Spacecraft properties
- Manufacturer: Lockheed Martin
- Launch mass: 3,100 kg (6,800 lb)
- Dimensions: 6.4 m × 2.6 m (21.0 ft × 8.5 ft)
- Power: 606 W Spacecraft: 293 W Payload: 313 W

Start of mission
- Launch date: 20 April 2004, 16:57:24 UTC
- Rocket: Delta II 7920-10C
- Launch site: Vandenberg SLC-2W

End of mission
- Disposal: Decommissioned
- Deactivated: 8 December 2010

Orbital parameters
- Reference system: Geocentric
- Regime: Low Earth
- Semi-major axis: 7,027.4 km (4,366.6 mi)
- Eccentricity: 0.0014
- Perigee altitude: 641 km (398 mi)
- Apogee altitude: 645 km (401 mi)
- Inclination: 90.007º
- Period: 97.65 minutes
- Epoch: 2004-04-20 15:57:00 UTC

= Gravity Probe B =

Orbital gravitational observatory

Gravity Probe B (GP-B) was a satellite-based experiment whose objective was to test two previously-unverified predictions of general relativity: the geodetic effect and frame-dragging. This was to be accomplished by measuring, very precisely, tiny changes in the direction of spin of four gyroscopes contained in an Earth-orbiting satellite at 650 km of altitude, crossing directly over the poles.

The satellite was launched on 20 April 2004 on a Delta II rocket. The spaceflight phase lasted until 2005; Its aim was to measure spacetime curvature near Earth, and thereby the stress–energy tensor (which is related to the distribution and the motion of matter in space) in and near Earth. This provided a test of general relativity, gravitomagnetism and related models. The principal investigator was Francis Everitt.

Initial results confirmed the expected geodetic effect to an accuracy of about 1%. The expected frame-dragging effect was similar in magnitude to the current noise level (the noise being dominated by initially unmodeled effects due to nonuniform coatings on the gyroscopes). Work continued to model and account for these sources of error, thus permitting extraction of the frame-dragging signal. By August 2008, the frame-dragging effect had been confirmed to within 15% of the expected result, and the December 2008 NASA report indicated that the geodetic effect was confirmed to be better than 0.5%.

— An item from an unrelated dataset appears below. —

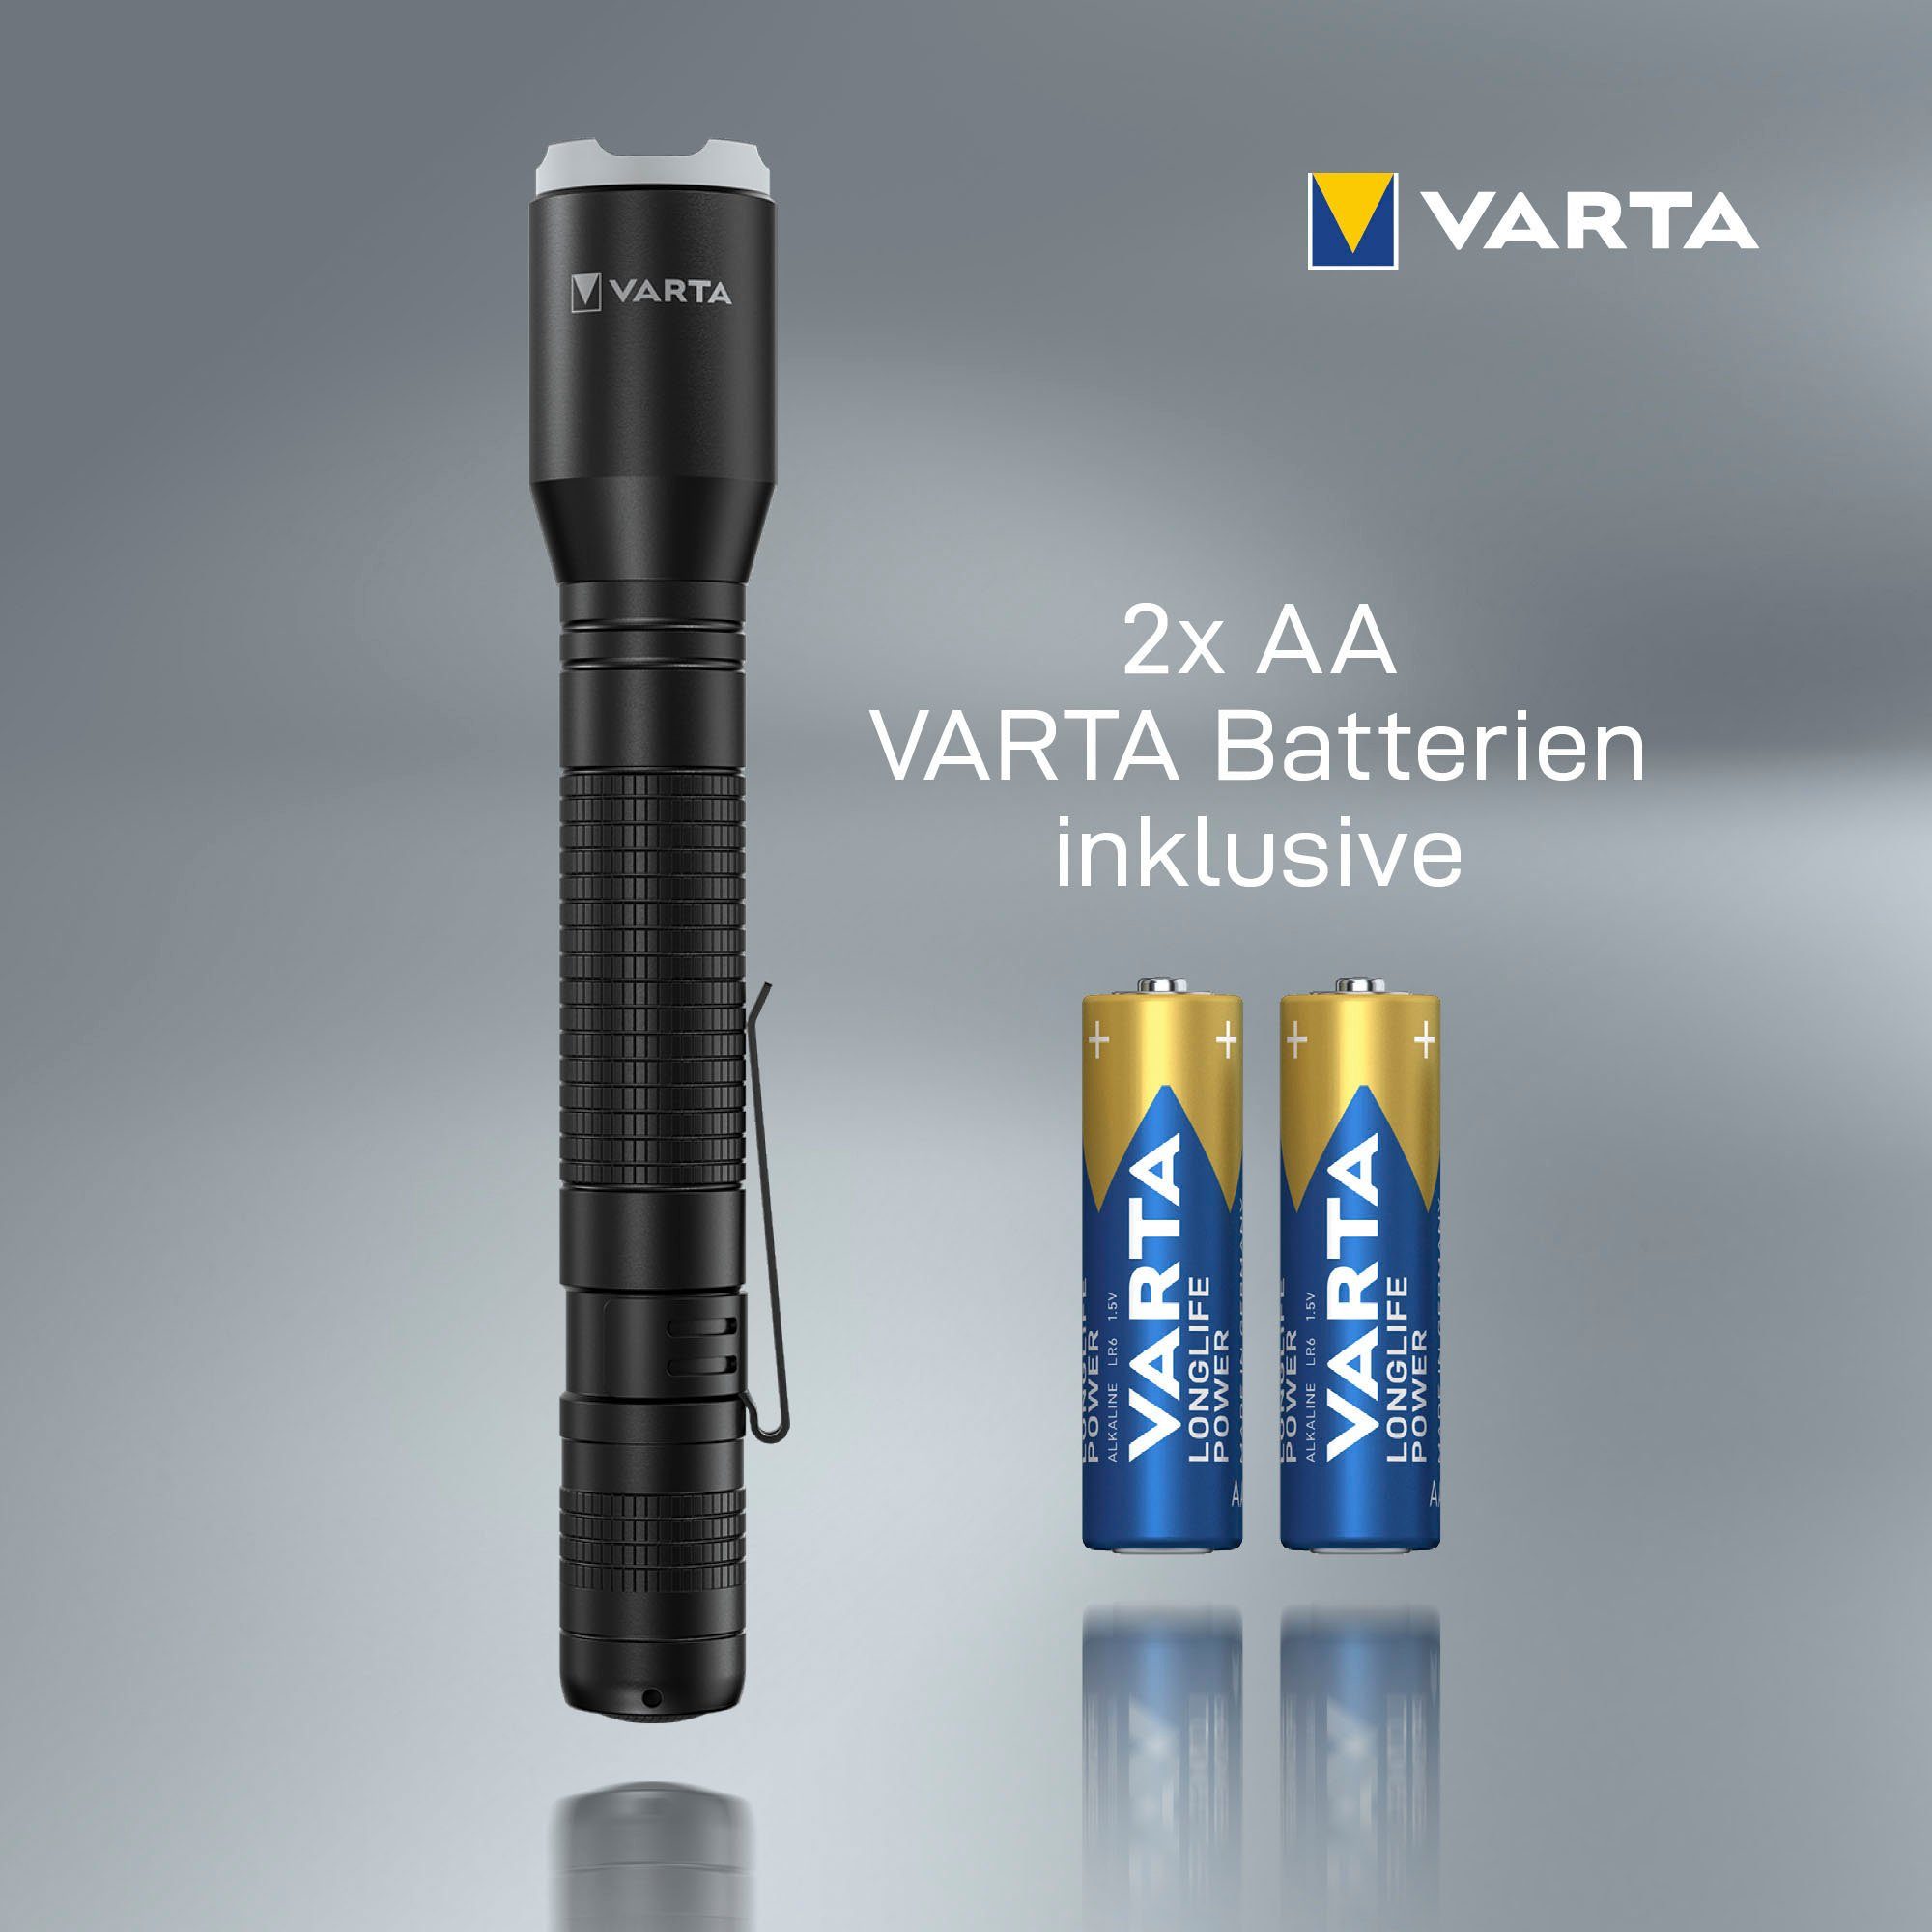 VARTA Taschenlampe Aluminium Light F20 (1-St) Pro

In an article published in the journal Physical Review Letters in 2011, the authors reported analysis of the data from all four gyroscopes results in a geodetic drift rate of −6601.8±18.3 mas and a frame-dragging drift rate of −37.2±7.2 yr, in good agreement with the general relativity predictions of −6606.1±0.28 mas/yr and −39.2±0.19 mas/yr, respectively.

==Overview==

Gravity Probe B was a relativity gyroscope experiment funded by NASA. Efforts were led by the Stanford University physics department with Lockheed Martin as the primary subcontractor. Mission scientists viewed it as the second relativity experiment in space, following the successful launch of Gravity Probe A (GP-A) in 1976.

The mission plans were to test two unverified predictions of general relativity: the geodetic effect and frame-dragging. This was to be accomplished by measuring, very precisely, tiny changes in the direction of spin of four gyroscopes contained in an Earth satellite orbiting at 650 km altitude, crossing directly over the poles. The gyroscopes were intended to be so free from disturbance that they would provide a near-perfect spacetime reference system. This would allow them to reveal how space and time are "warped" by the presence of the Earth, and by how much the Earth's rotation "drags" space-time around with it.

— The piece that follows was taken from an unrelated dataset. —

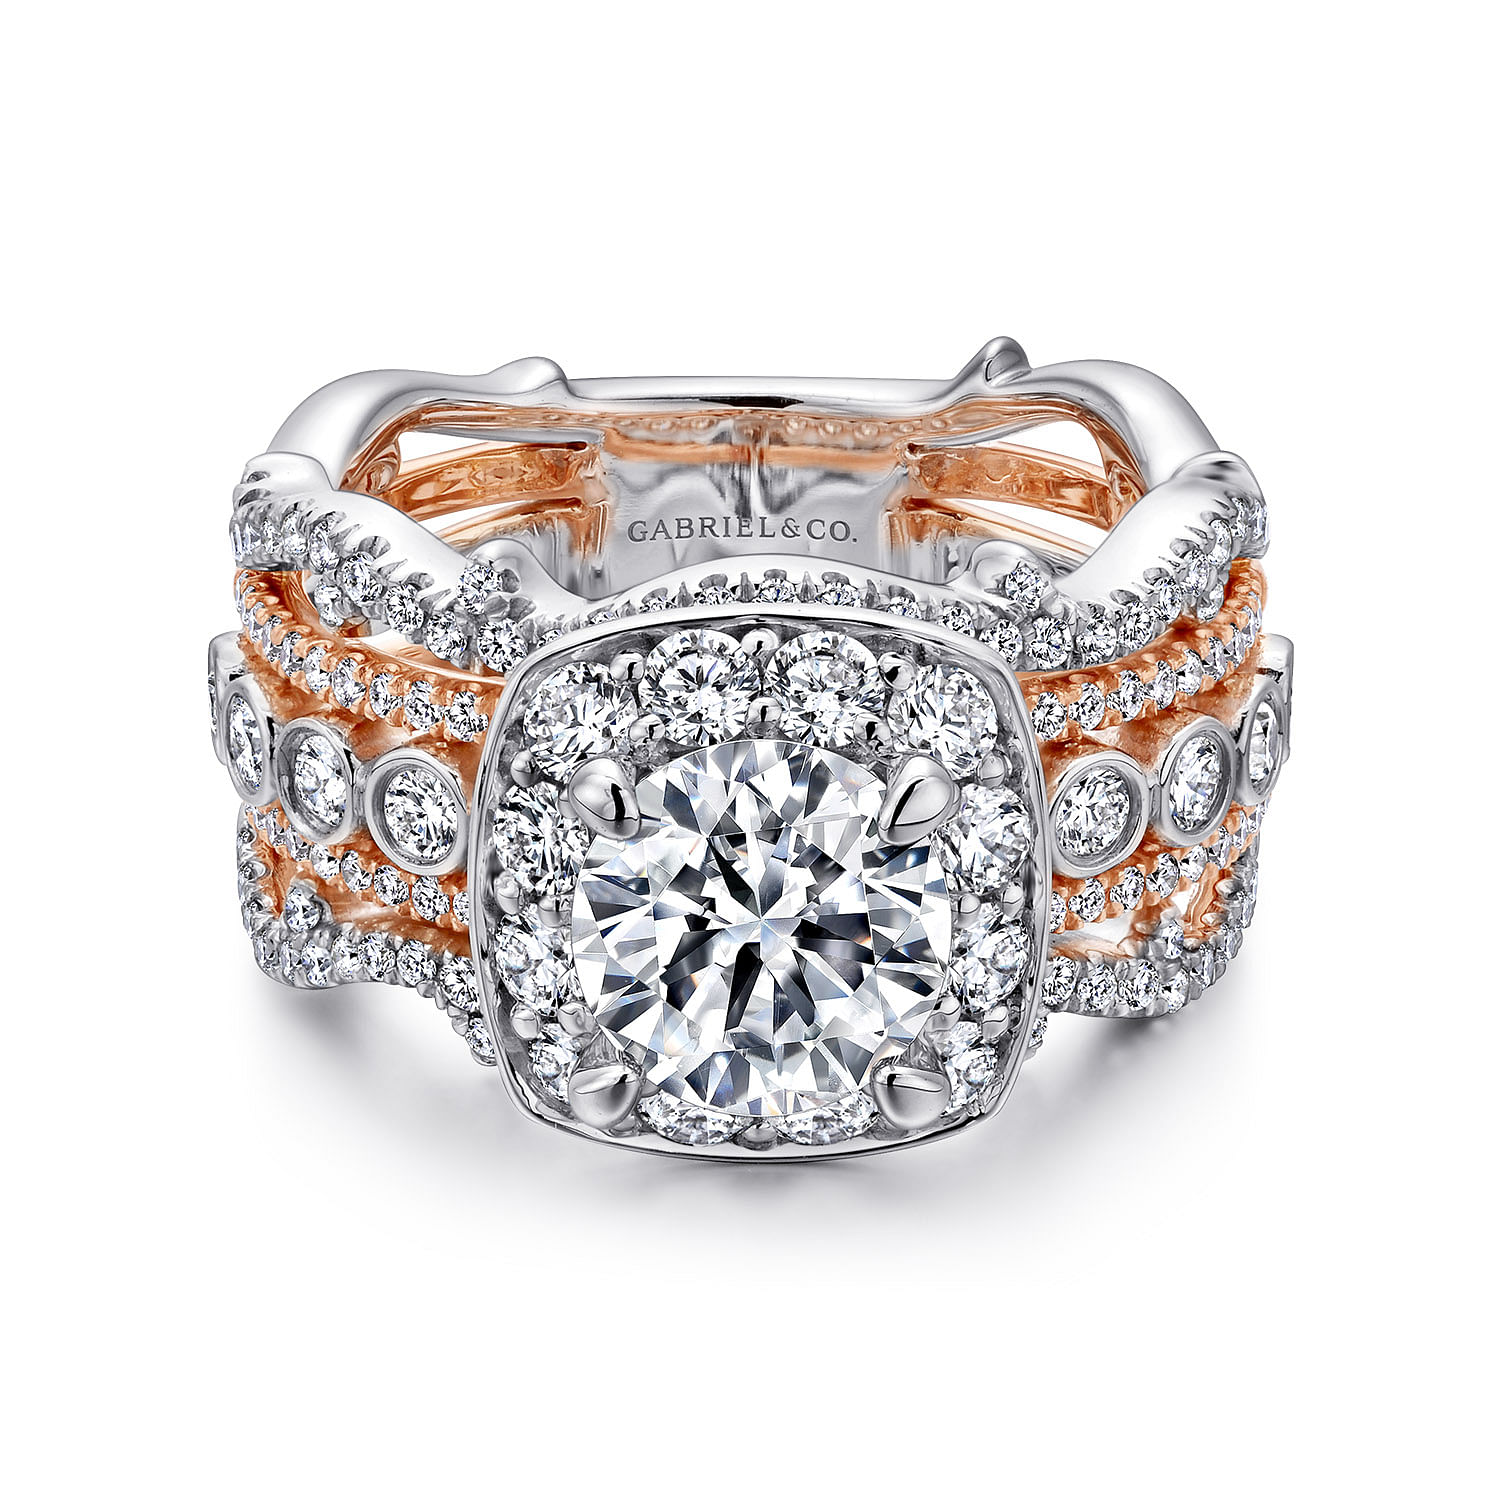 Eugenie---14K-White-Rose-Gold-Round-Halo-Diamond-Engagement-Ring1

The geodetic effect is an effect caused by space-time being "curved" by the mass of the Earth. A gyroscope's axis when parallel transported around the Earth in one complete revolution does not end up pointing in exactly the same direction as before. The angle "missing" may be thought of as the amount the gyroscope "leans over" into the slope of the space-time curvature. A more precise explanation for the space curvature part of the geodetic precession is obtained by using a nearly flat cone to model the space curvature of the Earth's gravitational field. Such a cone is made by cutting out a thin "pie-slice" from a circle and gluing the cut edges together. The spatial geodetic precession is a measure of the missing "pie-slice" angle. Gravity Probe B was expected to measure this effect to an accuracy of one part in 10,000, the most stringent check on general relativistic predictions to date.

The much smaller frame-dragging effect is an example of gravitomagnetism. It is an analog of magnetism in classical electrodynamics, but caused by rotating masses rather than rotating electric charges. Previously, only two analyses of the laser-ranging data obtained by the two LAGEOS satellites, published in 1997 and 2004, claimed to have found the frame-dragging effect with an accuracy of about 20% and 10% respectively, whereas Gravity Probe B aimed to measure the frame dragging effect to a precision of 1%. A recent analysis of Mars Global Surveyor data has claimed to have confirmed the frame dragging effect to a precision of 0.5%, although the accuracy of this claim is disputed.

The launch was planned for 19 April 2004 at Vandenberg Air Force Base but was scrubbed within 5 minutes of the scheduled launch window due to changing winds in the upper atmosphere. An unusual feature of the mission is that it only had a one-second launch window due to the precise orbit required by the experiment. On 20 April, at 9:57:23 AM PDT (16:57:23 UTC) the spacecraft was launched successfully. The satellite was placed in orbit at 11:12:33 AM (18:12:33 UTC) after a cruise period over the south pole and a short second burn. The mission lasted 16 months.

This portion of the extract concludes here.